In 1994 hel and Wichmann proposed stimulated emission depletion microscopy and for the first time "broken through" the diffraction limit of far-field optical microscopy. This technique requires two light sources, excitation light and loss light. The former irradiates a fluorescence-labeled sample to make it emit light; the light-emitting device forms a hollow bread aperture which is used for quenching exciting light to form excited state fluorescent molecules around a light spot, so that the effective fluorescent light-emitting area is reduced, and a light-emitting point smaller than the diffraction limit is obtained. The resolution of the stimulated emission depletion microscopy imaging system is directly determined by the size of the fluorescent spot focused on the excitation. The type of a laser light source mainly depends on in the prior art is that pulsed light is used as exciting light; the continuous light acts as the dissipated light. However, continuous light acts as dissipated light, and the sample is easy to damage on the research sample after long-time action, so that phototoxicity is induced. Although the decrease of the intensity of the continuous light can reduce the phototoxicity, the quenching degree of excited state phosphor particles around the excitation light is also reduced, and the spatial resolution of the system is affected.
Disclosure of Invention
The utility model aims to provide a super-resolution fluorescence microscopic imaging measurement system for reducing continuous phototoxicity. Continuous light in the super-resolution fluorescence microscope is simultaneously modulated by the acousto-optic modulator and the chopper, so that the action time of the continuous light and a research object is reduced while the continuous light can better quench excited state fluorescent molecules around exciting light. By using the method, the intensity of the continuous light can be even further improved, and the fluorescent molecules can be further quenched without damaging a research object. In the system, the continuous laser in the system is modulated by the acousto-optic modulator and the chopper together, so that the time of the continuous laser acting on a sample is shortened, and the phototoxicity of the continuous laser acting on the sample is reduced. The acousto-optic modulator and the chopper are synchronized with the femtosecond pulses output by the femtosecond laser together through a synchronous modulation system. When the system is applied to a dissipative light path in a super-resolution fluorescence system, the time of the dissipative light acting on a sample can be shortened, and the phototoxicity of the dissipative light is reduced. The total intensity of the thus modulated dissipated light is only 25% of the original. While the intensity of the dissipated light does not change on the time scale of quenching fluorescence.

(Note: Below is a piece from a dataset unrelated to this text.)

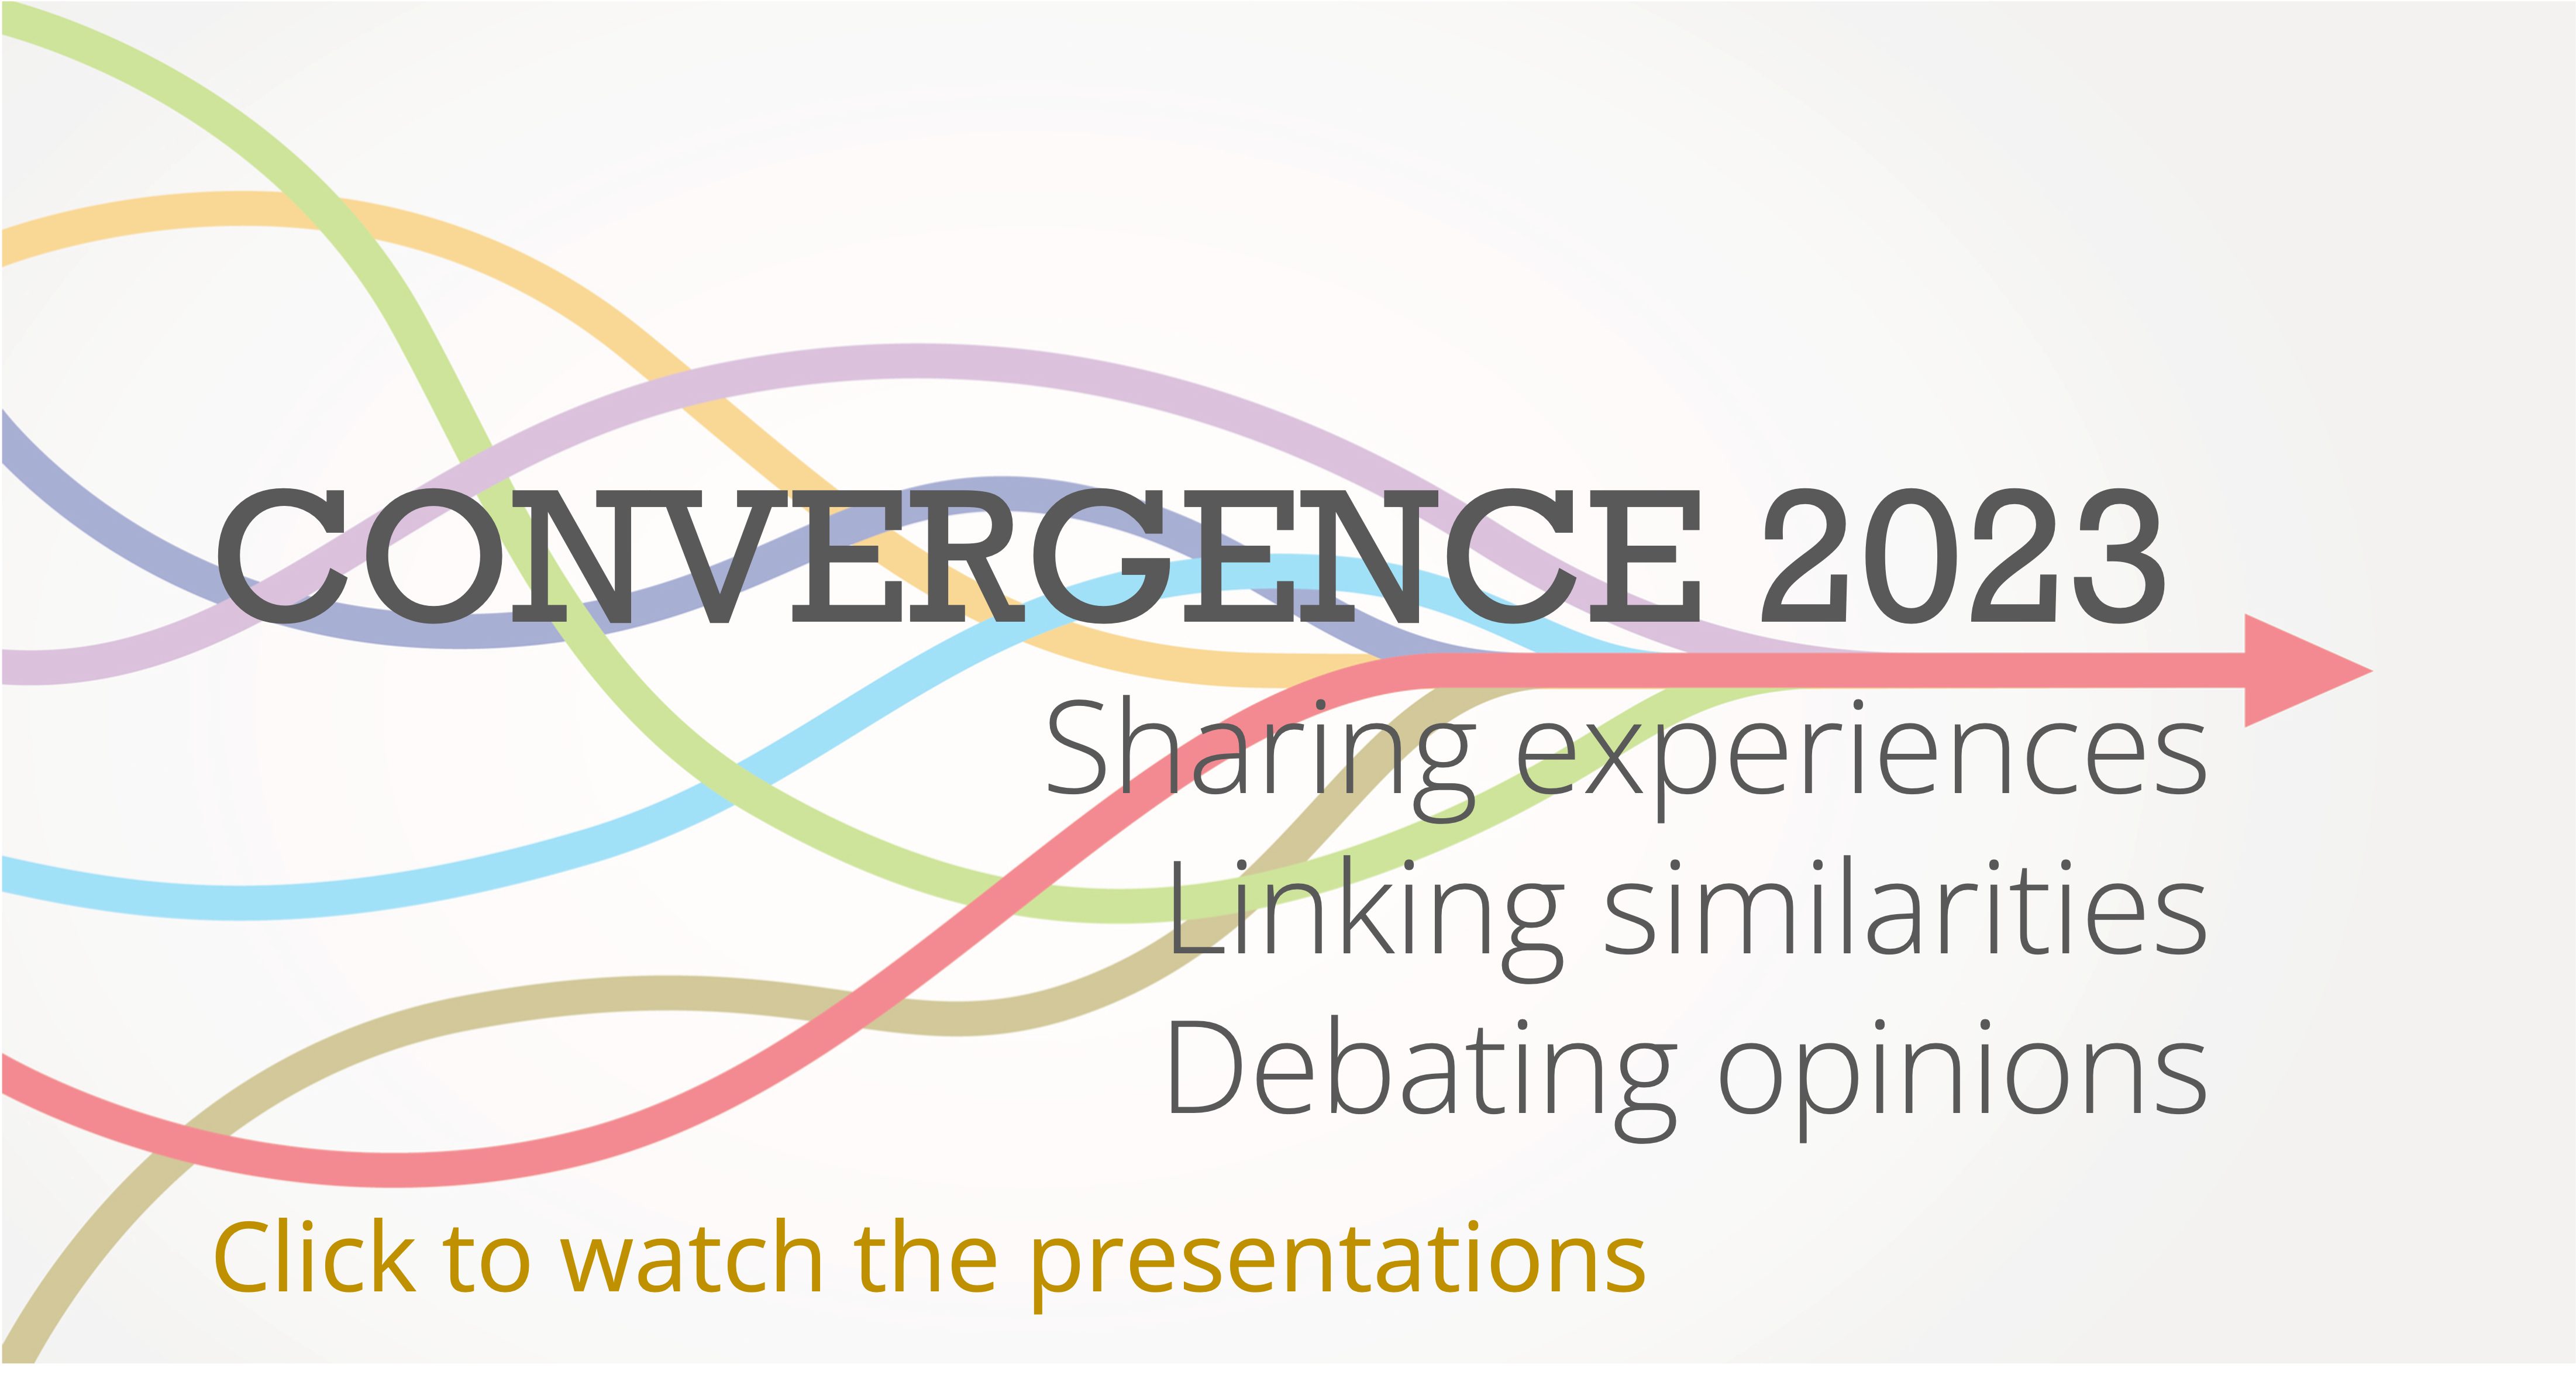 Link to GATE Convergence 2023 videos

The laser detection device comprises a laser generating and adjusting part I, a detection part II and a receiving part III, wherein the laser generating and adjusting part I, the detection part II and the receiving part III are positioned on an optical platform at the same height; the laser generating and adjusting part I, the detecting part II and the receiving part III are sequentially arranged from right to left.

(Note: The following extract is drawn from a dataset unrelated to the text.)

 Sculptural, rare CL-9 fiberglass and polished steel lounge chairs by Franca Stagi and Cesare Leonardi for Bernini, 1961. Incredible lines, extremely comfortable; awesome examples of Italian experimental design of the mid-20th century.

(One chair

The laser generating and adjusting part I consists of a femtosecond laser 1, a total reflection mirror I2, a solid laser group 3, a lambda/4 wave plate 4, a lambda/2 wave plate 5, a vortex phase plate 6, an acoustic-optical modulator 7, a frequency doubling bandwidth compressor, a picosecond optical parameter amplifier 8, a total reflection mirror II 9 and a dichroic mirror I10, wherein the femtosecond laser 1 is provided with a port a, and the acoustic-optical modulator 7 is provided with a port b; the solid laser group 3 consists of a 532nm solid laser, a 561nm solid laser and a 647nm solid laser; the femtosecond laser 1, the solid laser group 3, the frequency doubling bandwidth compressor and the picosecond optical parametric amplifier 8 are arranged from left to right; the solid laser group 3, the lambda/4 wave plate 4, the lambda/2 wave plate 5, the vortex phase plate 6, the acousto-optic modulator 7 and the dichroic mirror I10 are sequentially arranged from front to back and are positioned on the same horizontal line; the total reflection mirror I2, the frequency doubling bandwidth compressor, the picosecond optical parametric amplifier 8 and the total reflection mirror II 9 are sequentially arranged from front to back and are positioned on the same horizontal line; the port a of the femtosecond laser 1 is connected with the port b of the acousto-optic modulator 7.
Laser generated by the femtosecond laser 1 is projected through a dichroic mirror I10 through a frequency doubling bandwidth compressor, a picosecond optical parametric amplifier 8 and a total reflection mirror II 9 in sequence after being reflected by the total reflection mirror I2; laser generated by the solid laser group 3 is refracted by the lambda/4 wave plate 4, the lambda/2 wave plate 5, the vortex phase plate 6, the acousto-optic modulator 7 and the dichroic mirror I10.
The detection part II consists of a vibrating mirror 11, a dichroic mirror II 12, a reflective objective lens 13 and a sample stage 14, wherein the vibrating mirror 11, the dichroic mirror II 12, the reflective objective lens 13 and the sample stage 14 are sequentially arranged from back to front and are positioned on the same horizontal line.
The receiving part III consists of a computer 15, a signal integrator 16, a photomultiplier 17, a spectrometer 18 and a holophote III 19, wherein the computer 15 is provided with a port c and a port d; the signal integrator 16 is provided with a port e and a port f; the photomultiplier 17 is provided with a port g; the spectrometer 18 is provided with a port h; the signal integrator 16 and the spectrometer 18 are arranged in the left and right directions and are positioned in front of the computer 15; the photomultiplier 17 is fixedly connected in front of the spectrometer 18; the total reflection mirror III 19 is arranged between the computer 15 and the spectrometer 18, and the received incident light is reflected to the spectrometer 18 through the total reflection mirror III 19; the port h of the spectrometer 18 is connected with the port c of the computer 15; the port e of the signal integrator 16 is connected to the port d of the computer 15; the port g of the photomultiplier 17 is connected to the port f of the signal integrator 16.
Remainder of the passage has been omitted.